Gas e petrolio russi: quanto hanno pagato i paesi della Ue dall'inizio della guerra

I dati forniti dal Centro per la ricerca sull'energia: quali sono i migliori clienti di Mosca

Mentre a Bruxelles l’ipotesi di un embargo al petrolio russo ha trovato la ferma opposizione dell’Ungheria, che ha minacciato il veto sul sesto pacchetto di sanzioni, i Paesi europei continuano a importare greggio e gas da Mosca. Seppure a ritmi ridotti rispetto all’inizio dell’anno, infatti, gli acquisti proseguono. Il governo tedesco ha fatto sapere che, da quando è scoppiata la guerra in Ucraina, le importazioni di petrolio dalla Russia sono passate dal 35% al 12%. Cifre che raccontano l’impegno profuso da alcuni Stati nel bloccare i finanziamenti al Cremlino ma che fotografano anche l’entità del problema.

Le cifre

A tratteggiare un quadro preciso del flusso di denaro che è arrivato a Mosca negli ultimi mesi è stato il Centre for Research on Energy (Crea). Dall’inizio del conflitto, la Russia ha esportato 63 miliardi di euro di combustibili fossili attraverso gasdotti e navi, il 71% dei quali è arrivato in Europa. Si tratta di circa 44 miliardi di euro in poco più di due mesi, pagati soprattutto da Germania e Italia, i maggiori clienti di Mosca. Il nostro Paese ha acquistato gas e petrolio per 6,9 miliardi di euro, più che la Cina (6,7 miliardi), mentre le somme versate da Berlino ammontano a 9,1 miliardi. E questo nonostante si sia registrato un calo delle consegne. Molti importatori europei, infatti, evitano di acquistare i beni energetici russi spediti via mare, nonostante non si tratti di prodotti soggetti a sanzioni. La riduzione ha riguardato in particolare il carbone, in discesa del 40% rispetto a gennaio-febbraio, e il petrolio, calato del 20% sullo stesso periodo. Al contrario, sono aumentati del 10% gli acquisti attraverso gasdotti e oleodotti.

Il contraccolpo sulla Russia

Il danno per la Russia è significativo: a gennaio e febbraio, infatti, le spedizioni marittime costituivano circa la metà del valore totale delle esportazioni russe.

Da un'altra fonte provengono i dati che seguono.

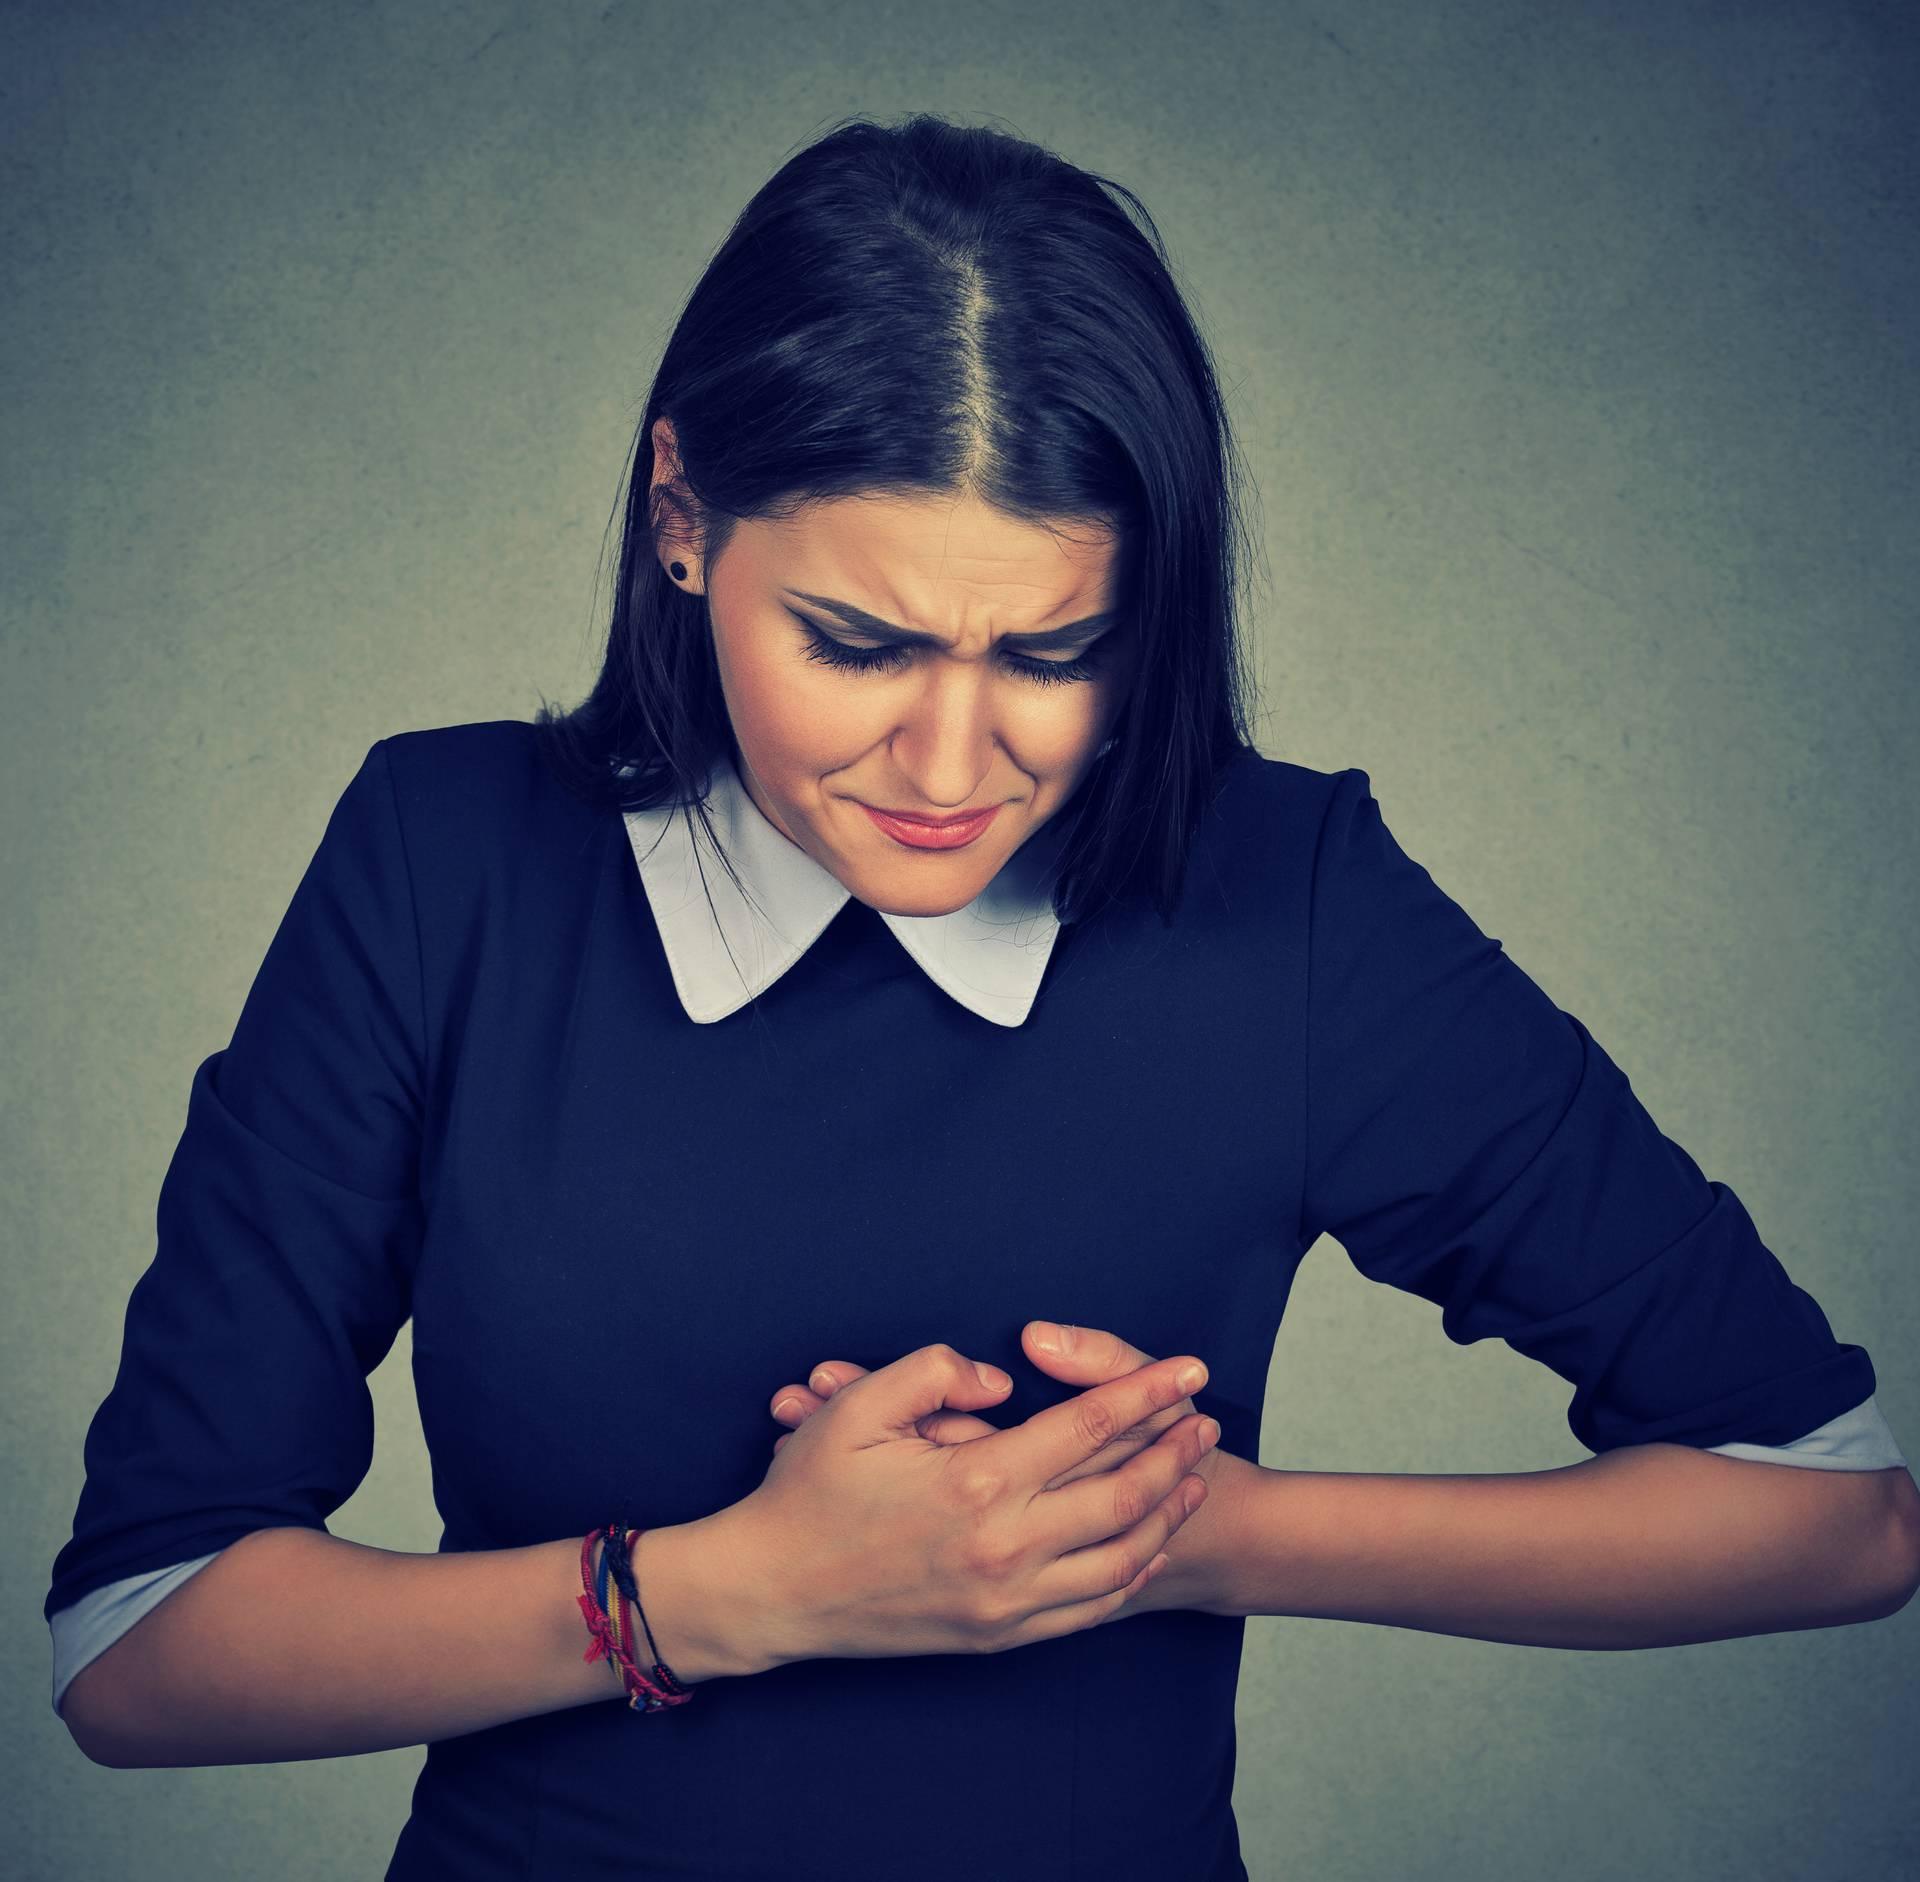 Ovih 10 vrsta boli mogu značiti da hitno trebate otići liječniku

Insomma, negli ultimi mesi le forniture via nave sono state ostacolate dall’incertezza generata da un quadro normativo in costante evoluzione. Con gran parte del sistema bancario russo sottoposto a sanzioni e il rischio che anche transazioni lecite possano rimanere intrappolate nella tela dei circuiti di pagamento internazionali, molti operatori hanno cercato così fornitori alternativi. In altre parole, hanno marginalizzato la Russia. Tuttavia, la scelta fatta dagli importatori europei, complice l’ascesa dei prezzi del metano e del greggio, non ha pesato più di tanto sulle entrate di Mosca. Almeno per il momento.

Il futuro

Guai più seri potrebbero invece verificarsi nelle prossime settimane. La Russia, infatti, fatica a dirottare i carichi verso altri Paesi. “C’è stato un incremento nel numero delle navi che lasciano i porti russi senza una destinazione precisa”, si legge nel rapporto di Crea. Inoltre, l’aumento delle forniture ad altri Paesi non riesce a compensare la riduzione degli acquisti europei. “C’è un chiaro trasferimento delle spedizioni verso India, Egitto e altre destinazioni “insolite” per l’export russo”, prosegue lo studio, “tuttavia le consegne a queste nuove destinazioni non sono neanche lontanamente vicine a rimpiazzare il calo dell’export verso l’Europa”. Con i depositi ormai saturi, il rischio per la Russia è quello di non sapere dove mettere il gas e il petrolio rimasti invenduti e di dover fermare la produzione, danneggiando i pozzi.

Entrando più nel dettaglio del report di Crea, si scopre l’importanza di Mosca per le forniture energetiche europee. L’Ue ha acquistato il 30% del carbone esportato dalla Russia dall’inizio della guerra, il 50% del greggio, il 70% dei prodotti della raffinazione de petrolio e il 90% del gas. Per quanto riguarda le importazioni via nave, 6 porti europei hanno contato per un quarto del totale dei volumi. In poco più di due mesi, Rotterdam ha ricevuto combustibili fossili russi per un valore di 1,5 miliardi di euro, Maasvlakte in Olanda per 1,2 miliardi e Trieste per un miliardo.